A deep voice came out of the silence. “How about you, Reb? You knitting your surrender flag?”

“Sure I am. Out of your crinolines.”

“You got any tobacco?”

“Sure enough. Got any coffee?”

“A little.”

A soldier in a blue uniform emerged from the gloom. He trudged along slowly, his feet sinking deep in the muck and the leaves, stopping at his own side of the creek.

Josephine’s mouth hung open.

The Yankee stared into the swollen creek. “I’m getting a little tired of this rain,” he said.

“It’s better than the dust, I guess,” Wesley said.

“It’s always some kind of hell, isn’t it?”

“I got someone for you to meet.” Wesley motioned to Josephine, who shrank back behind the bush.

“He’s a new recruit,” Wesley continued in a calm voice. “Our army’s got plenty of them. If you could count the men in our army, you’d just give up.”

“I’d just count the lice and divide by a thousand,” said another voice. Josephine peeked out again. Now two Union soldiers stood side by side, their rifles resting in their arms. Their boots looked warm.

Wesley climbed back up the steep grade to Josephine’s hiding place. “Don’t be a spoilsport, Joseph. They’re not gonna hurt you.” He led her back down to the creek bed as she tried not to slip on the leaves. “This here’s Joseph,” Wesley said, putting a hand on her shoulder to steady her. “He is a fierce warrior. He can shoot the boil off a Yankee’s ass at three hundred feet.”

The first Yankee laughed. “He ain’t but a boy. Give him a drum and let him beat on it.”

“He’ll beat on
you.

Josephine shivered uncontrollably. Her knees were weak. She was afraid she would faint from her terror.

“Your friend speak at all?” asked the other Yankee.

“He’s a man of few words.” Wesley reached into his pocket, drew out a package of tobacco, and tossed it across the creek. One of the men caught it. The other withdrew a small sack from his pocket and tossed it back to Wesley, who opened it eagerly and stuck his nose down in it.

“Ahhhhh,” he said. “Real coffee. Not rye, not cane seed, not chinquapin, not lizard eyes. I’ve got half a mind not to shoot you next fight.”

The Yankees were dividing the tobacco. “You in for a little poker tonight, Reb?”

Wesley glanced at Josephine. “What do you reckon, Joseph?”

Josephine shook her head.

“Come on, Joseph. Trying to keep the Yanks from cheating will warm you up.”

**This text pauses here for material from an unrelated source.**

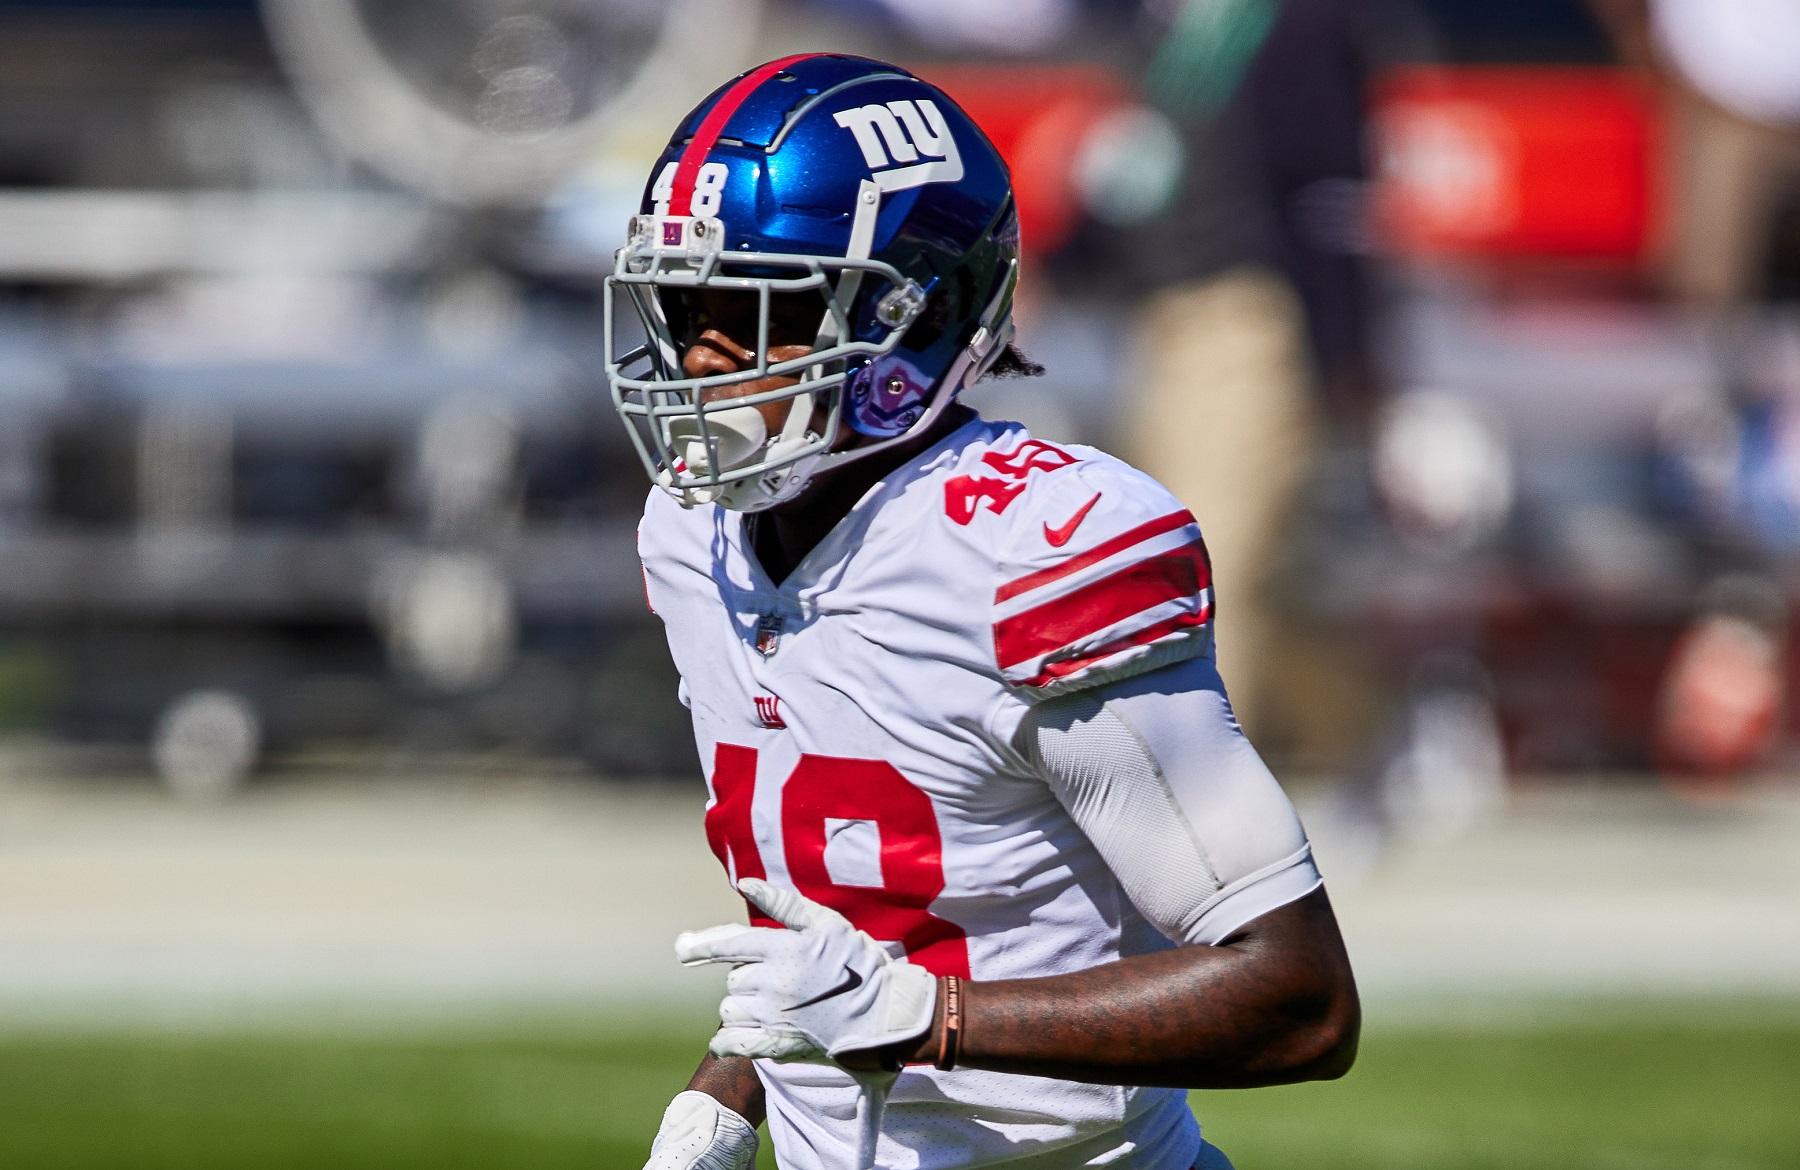 Tae Crowder, New York Giants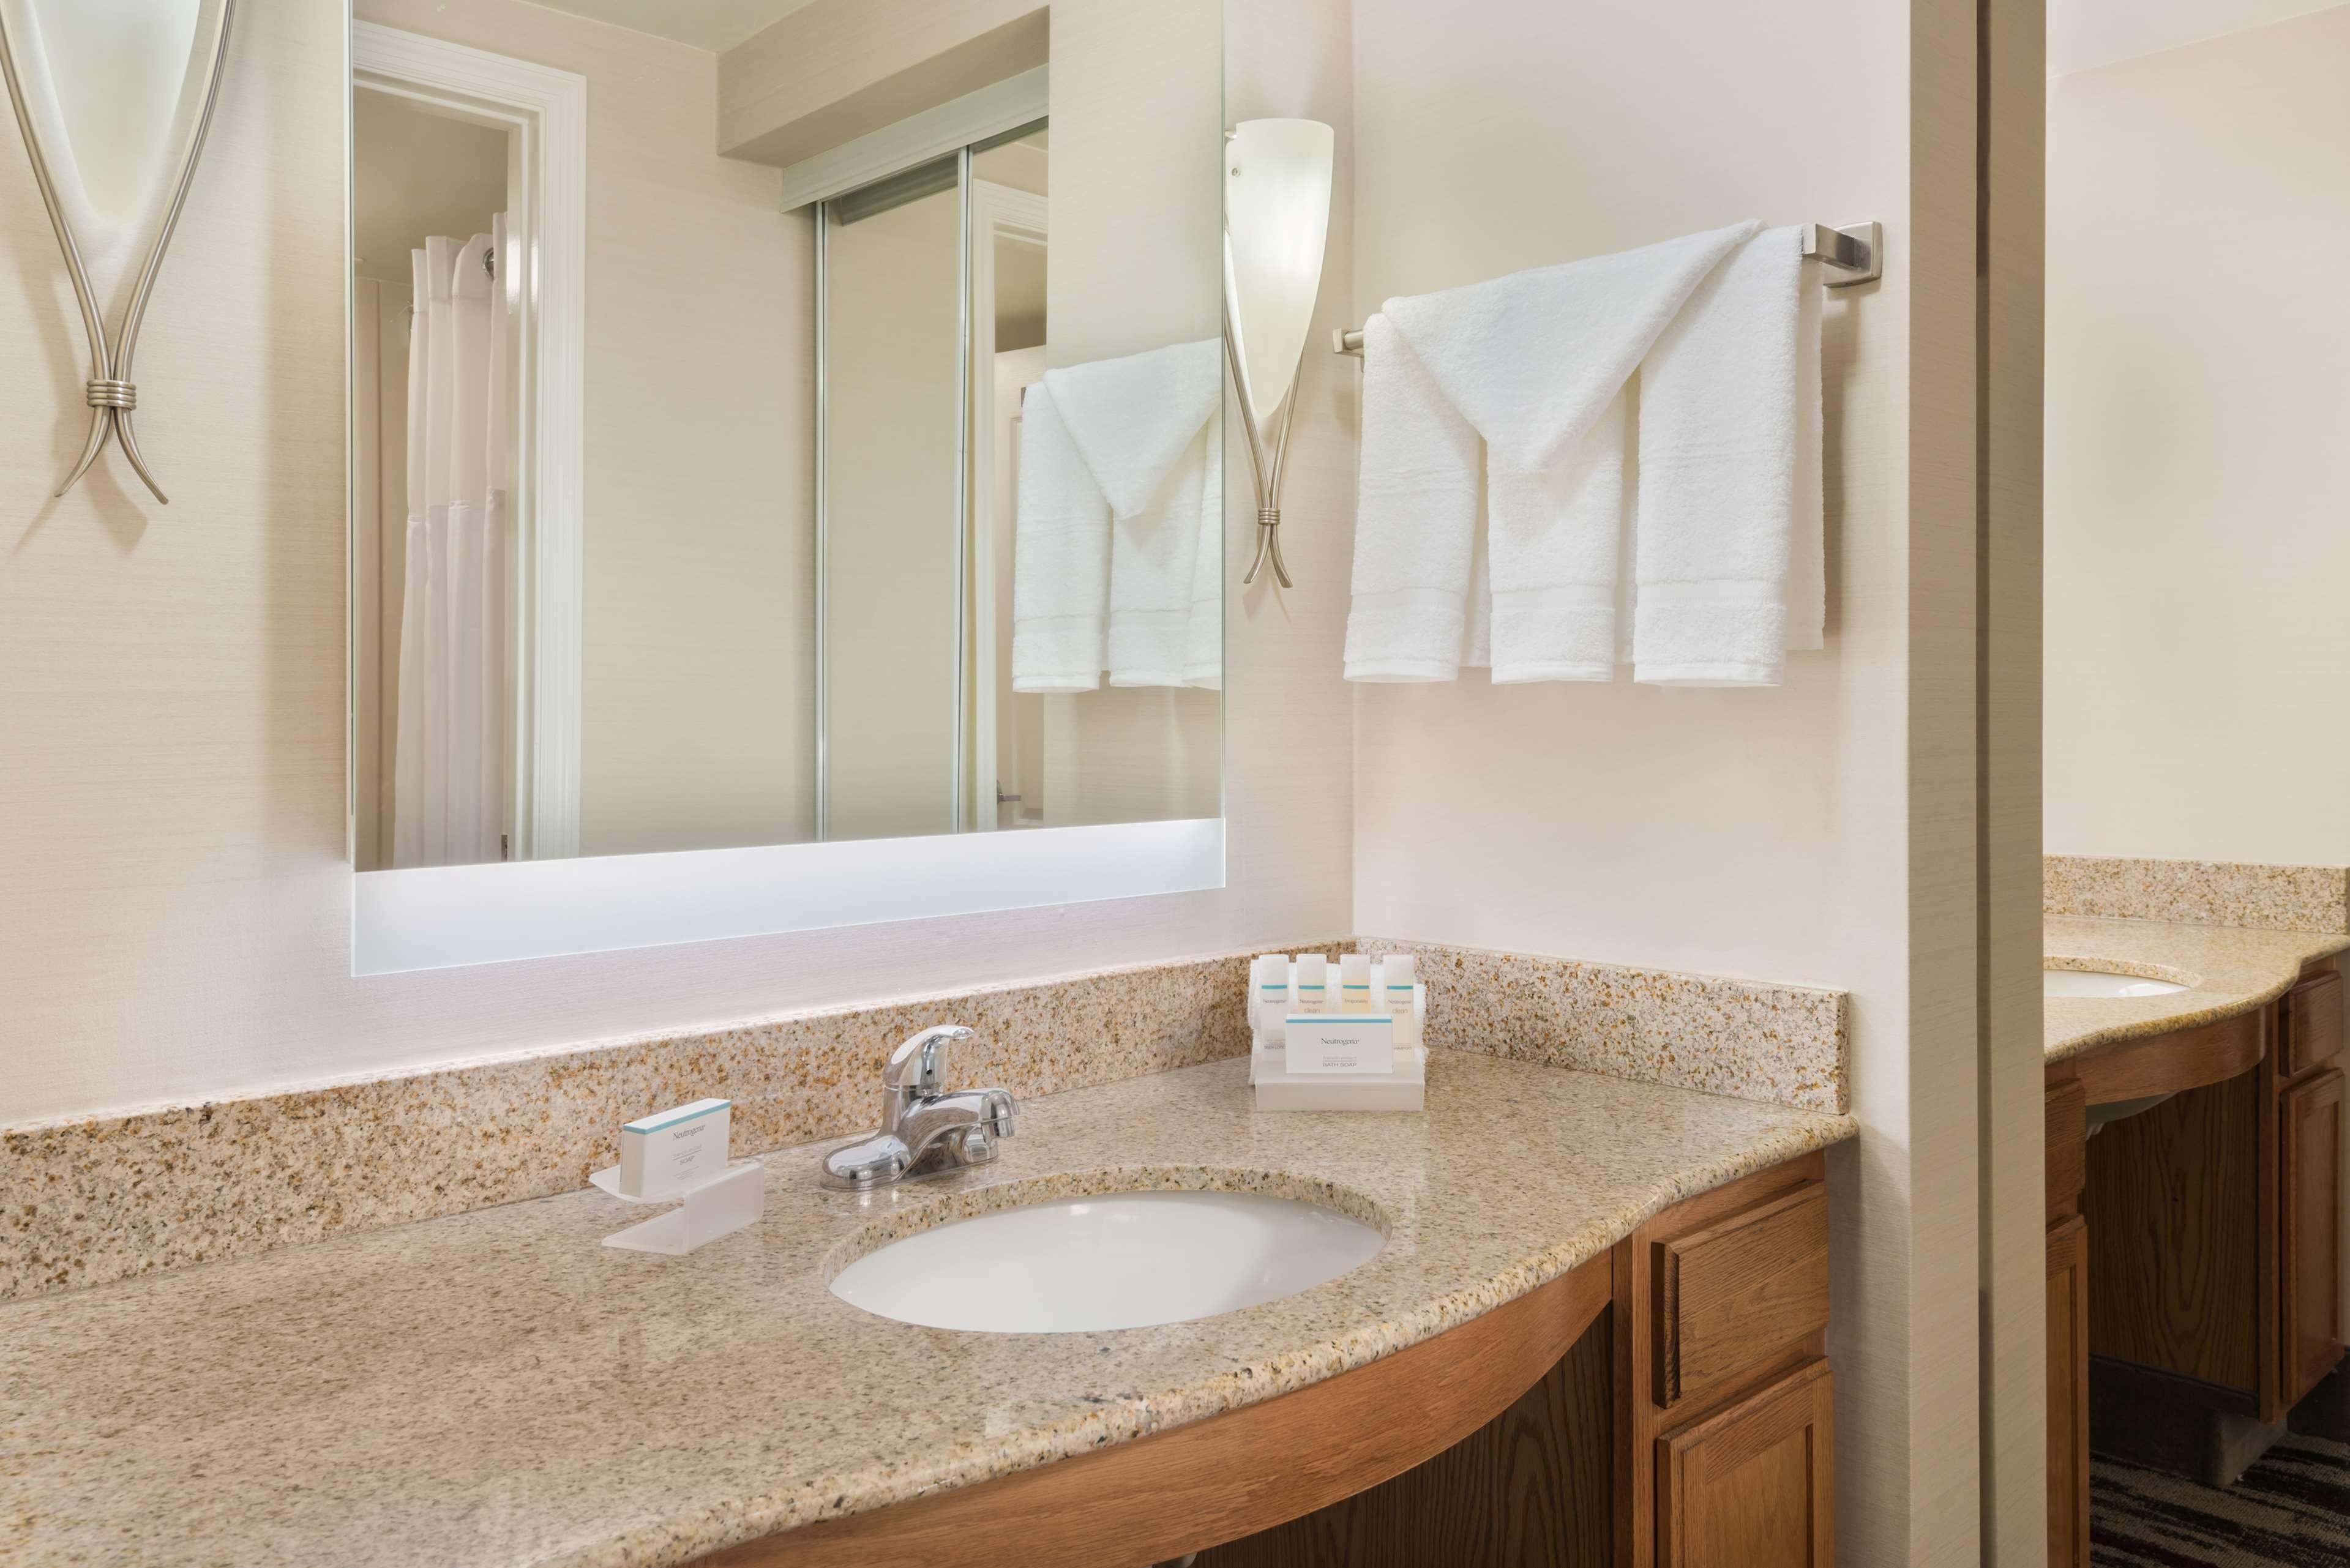 Homewood Suites by Hilton Orlando-UCF Area image 20

Josephine stared at their guns.

“Your guns make my friend nervous,” Wesley said. “He’s new to the army. Wonder if you can put them aside for a while?”

“Fine,” said the Yankee. He and his friend set them up against a tree. “Now you do the same.”

Wesley motioned for Josephine’s gun. He laid their guns across a fallen log.

“There,” he said to her. “No one is armed.”

“But, Wesley . . .” Josephine pulled him close and whispered in his ear. “Are we allowed?”

“To play poker with the enemy? Of course not. That don’t mean it’s not done. I heard of some Tarheels who took a Union boy to town with them, introduced him to all the girls, and had him back to his unit before dawn.”

Josephine hesitated. The Yankees still terrified her, as did the thought of what Libby would do if she ever found out. “This is our secret, Wesley, right?”